You will have to stay in touch...I’d love to see how it goes.
I used to use a drill bench with 4 spindles on...very similar but more upo date than yours.

Steve


----------



## Tanglefoot20 (13 Jan 2021)

Make sure you have loads of WD40 ...it’s great to clean and get things unstuck.


----------



## --Tom-- (13 Jan 2021)

Looks like a 12ax, but hard to tell

this should help:





__





Pollard Corona Drills


Pollard Corona Drills - pictures and description



www.lathes.co.uk


----------



## Tanglefoot20 (13 Jan 2021)

I reckon itwould be a beauty when it’s cleaned up and refurbed ..must crack on with my champion no2 sometime...gonna put that back to how it should be...


----------



## Kaid1289 (13 Jan 2021)

Hi thanks for all your reply’s I have another question what would be the best way to clean the framework and repaint it


----------



## Spectric (13 Jan 2021)

Well they certainly don't make drills like that anymore, as we can see they have the ability to last and all that nice cast iron, really solid compared to the recycled tin cans we get today.


----------



## TobyT (13 Jan 2021)

Kaid1289 said:


> Hi thanks for all your reply’s I have another question what would be the best way to clean the framework and repaint it


 Depends on the state of it. Clean it up and see what state is it in. With my Meddings (still not put back together due to time...) I cleaned the grease and rust and decided that there wasn't much point in trying to save the original paint job as it was too bashed up. So I repainted with a Hammerite (or similar, I can't remember know) spray.

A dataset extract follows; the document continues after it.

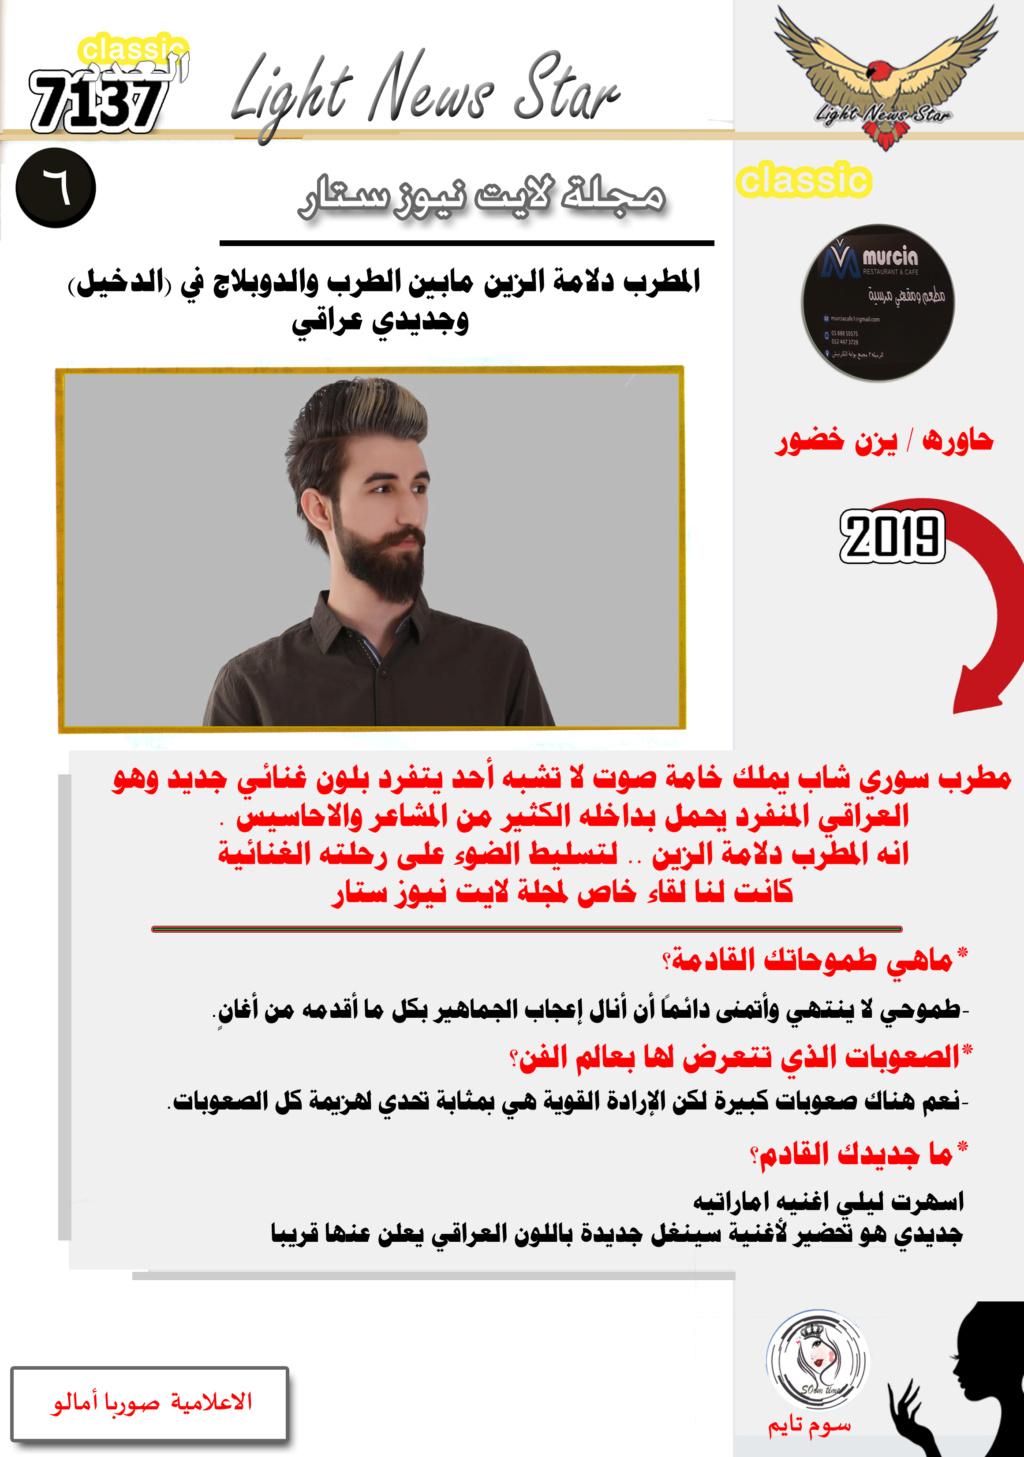 أخبار نجوم الفن والمشاهير 7137 light news star من المصدر l المطرب دلامة الزين مابين  الطرب والدوبلاج  في (الدخيل) وجديدي عراقي Ca610
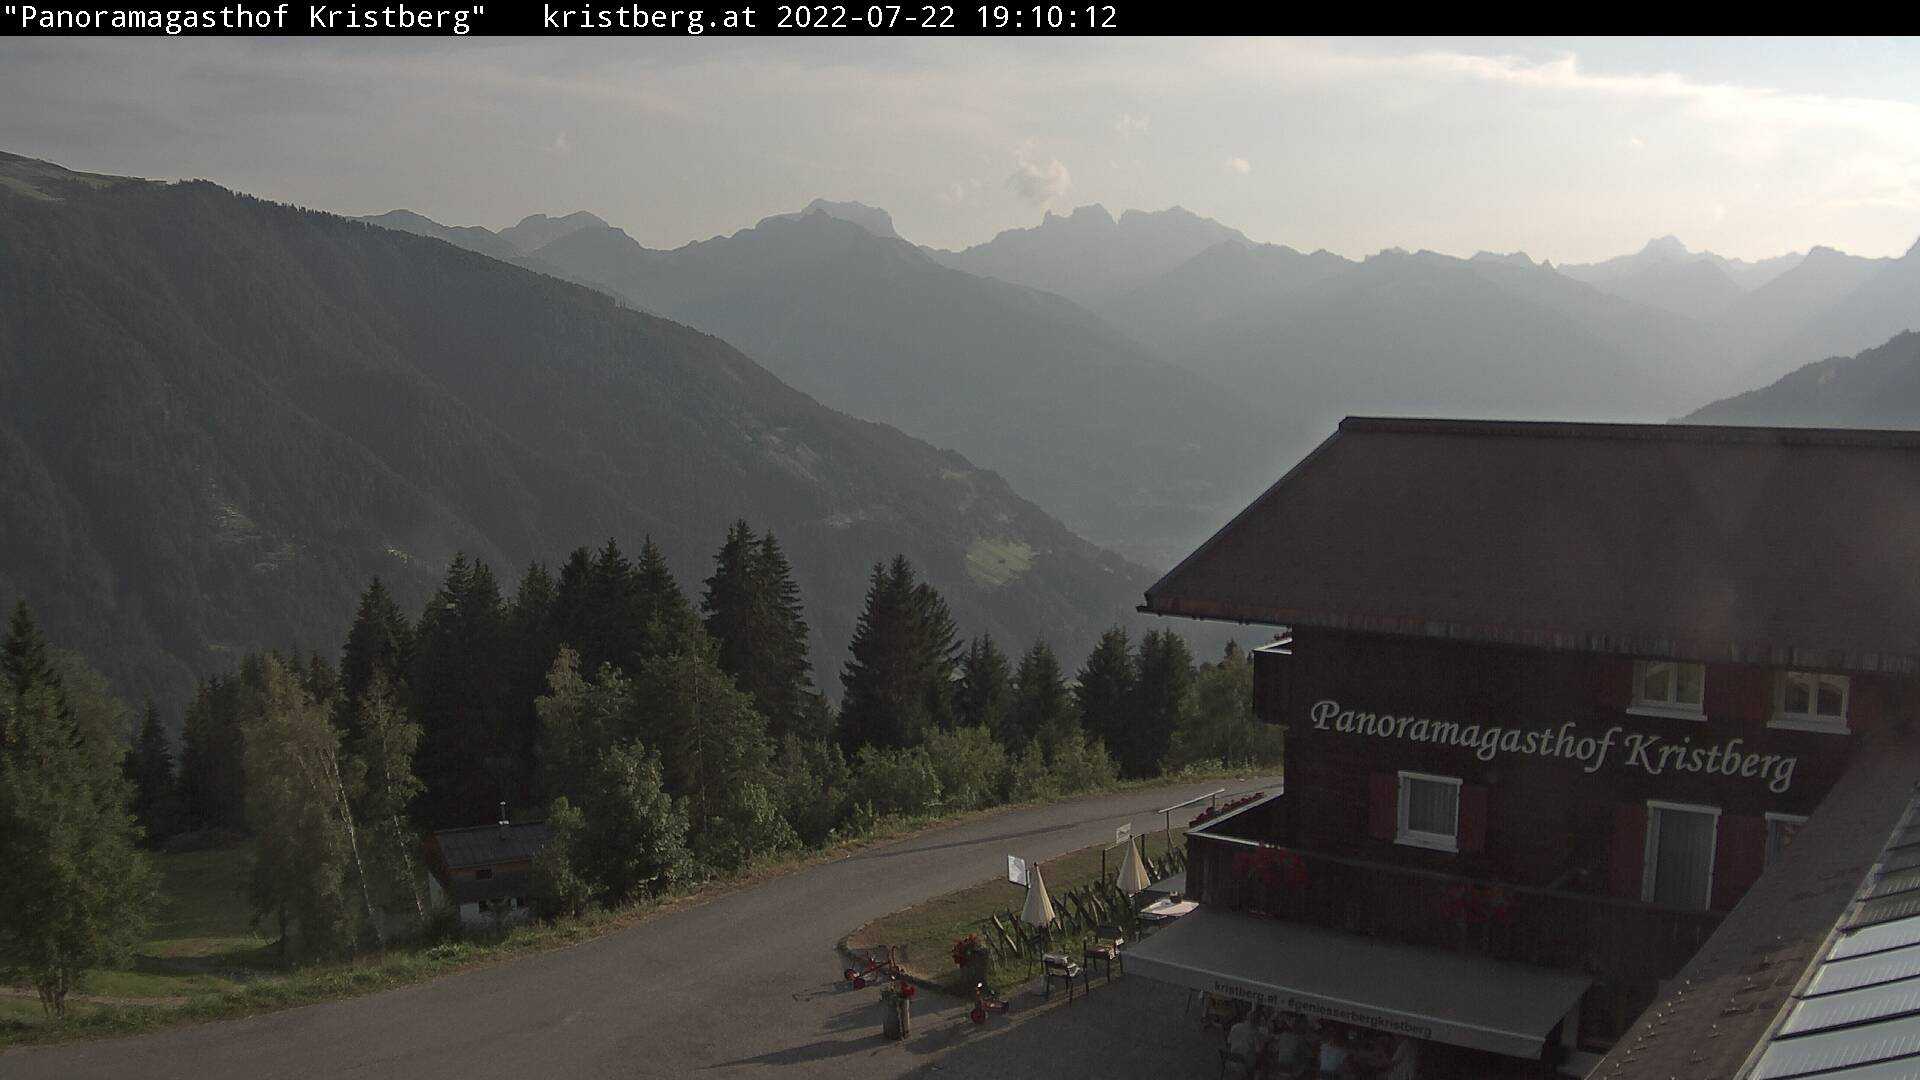 Panoramagasthof Kristberg mit Blick nach Schruns-Tschagguns

For machine repair I found the mig-welding forums useful as well. Tools & Workshop Equipment


----------



## --Tom-- (13 Jan 2021)

Depends how fresh you want it looking.

strip all the old paint then build up layers of primer and filler getting everything smooth before finishing with a 2 pack paint system.
Or clean it all down with brake cleaner, and a coat of rattle can.

have you checked it all mechanically, worth making sure it runs well and doesn’t have too much run out before spending time prettying it up


----------



## Kaid1289 (13 Jan 2021)

The motor surprising works and the chuck spins so nothing is seized I know the pulley Belts are cracked and need replacing and I haven’t checked any of the bearings what tools can I use to strip the old paint and rust off with


----------



## TobyT (13 Jan 2021)

Looks like the one quarter the way down here




__





Pollard Corona Drills


Pollard Corona Drills - pictures and description



www.lathes.co.uk







Kaid1289 said:


> The motor surprising works and the chuck spins so nothing is seized I know the pulley Belts are cracked and need replacing and I haven’t checked any of the bearings what tools can I use to strip the old paint and rust off with


I used some 'professional' paint stripper. I can't remember what it was off hand, but came with lots of warnings and I had to declare that I was a professional and wouldn't stuff myself in an enclosed space with it. Ordered off ebay from a proper company. Hermes delivered it by throwing it over the garden gate :-o That sorted the majority out and then some drill powered wire brushing. Citric acid to get any rust off. 

A can of this went a long way in the clean up WD-40 Specialist Degreaser 500ml


----------



## Ttrees (13 Jan 2021)

Have a look at Wallace's mostly Wadkin rebuilds for some inspiration.
He has restored a lot of stuff








Wadkin RS restoration


Which mask are you using with the 2 pack ?




www.ukworkshop.co.uk




Get it running first before panting....
often guilty of getting the flap disc out after the fact.

Even though I have done this once or twice,
I can say haven't done a good job ever, as I was too mean to buy filler.
Doesn't bother me having all the pitting there, but might bother someone who does that sort of thing.

Make sure you paint with some glossy paint, like tractor enamel or something, as dust just clings to a lesser quality gloss.


Be careful with the windings on that motor, as they could be very delicate.
Take photos of anything what might be confusing like switches.
It should make for a really good machine, as in
no slop in the quill.

Good luck with the restoration
Tom


----------



## Kaid1289 (13 Jan 2021)

Jeers guys the helps been brilliant I’ll be sure to post my progress thanks again


----------



## TFrench (13 Jan 2021)

Definitely a pollard, probably a 12ax. For paint and rust stripping I use a wire wheel in an angle grinder, its messy and dusty but its the fastest way to do it. Tractor enamel is perfect paint for machinery, if you want a really specific colour paragon paints are excellent.


----------



## mikej460 (13 Jan 2021)

Looks like to 12ax to me but the motor may not be original. There's the option to clean and create a nice patina using a mix of diesel and old engine oil which is what some vintage tractor owners do and they always look fantastically original but clean.


----------



## mikej460 (13 Jan 2021)

Just been trying to work out the possible age from this post Pollard Corona Drills (lathes.co.uk) but it says Pollard started his business in 1911 whereas the catalogue says '50 years experience' which would put the AX at 1960/61? A bit of poetic license?


----------



## Jonm (14 Jan 2021)

I have recently been using citric acid to clean up metal things. Purchased a big tub of food grade powder, it is not particularly nasty as a chemical, just completely immerse the item in a weak solution. I have not tried it on machinery so would suggest taking advice before using it on your drill. I have cleaned rust off a coblers anvil, concrete solidly attached to a shovel (let a builder use my perfectly clean shovel). Items need to be degreased first. Here is a picture of the anvil after cleaning, it was very rusty beforehand, you can see the pit marks.


----------



## redhunter350 (15 Jan 2021)

Just for interest here are some photos of an old drill I re-cycled close to 60 years ago, it was one unit from a 4 spindle line-shaft driven machine. Dumped the old line shaft pulleys and made the drive unit in their place, bored the spindle to No2 Morse [was No1] the table is a piece of boiler plate skimmed up and ground. Served me well until recent times when I sold it on -- workshop move and have other machines that made it redundant now plus of course the usual space saving and these days the elf'n'safety imp !


----------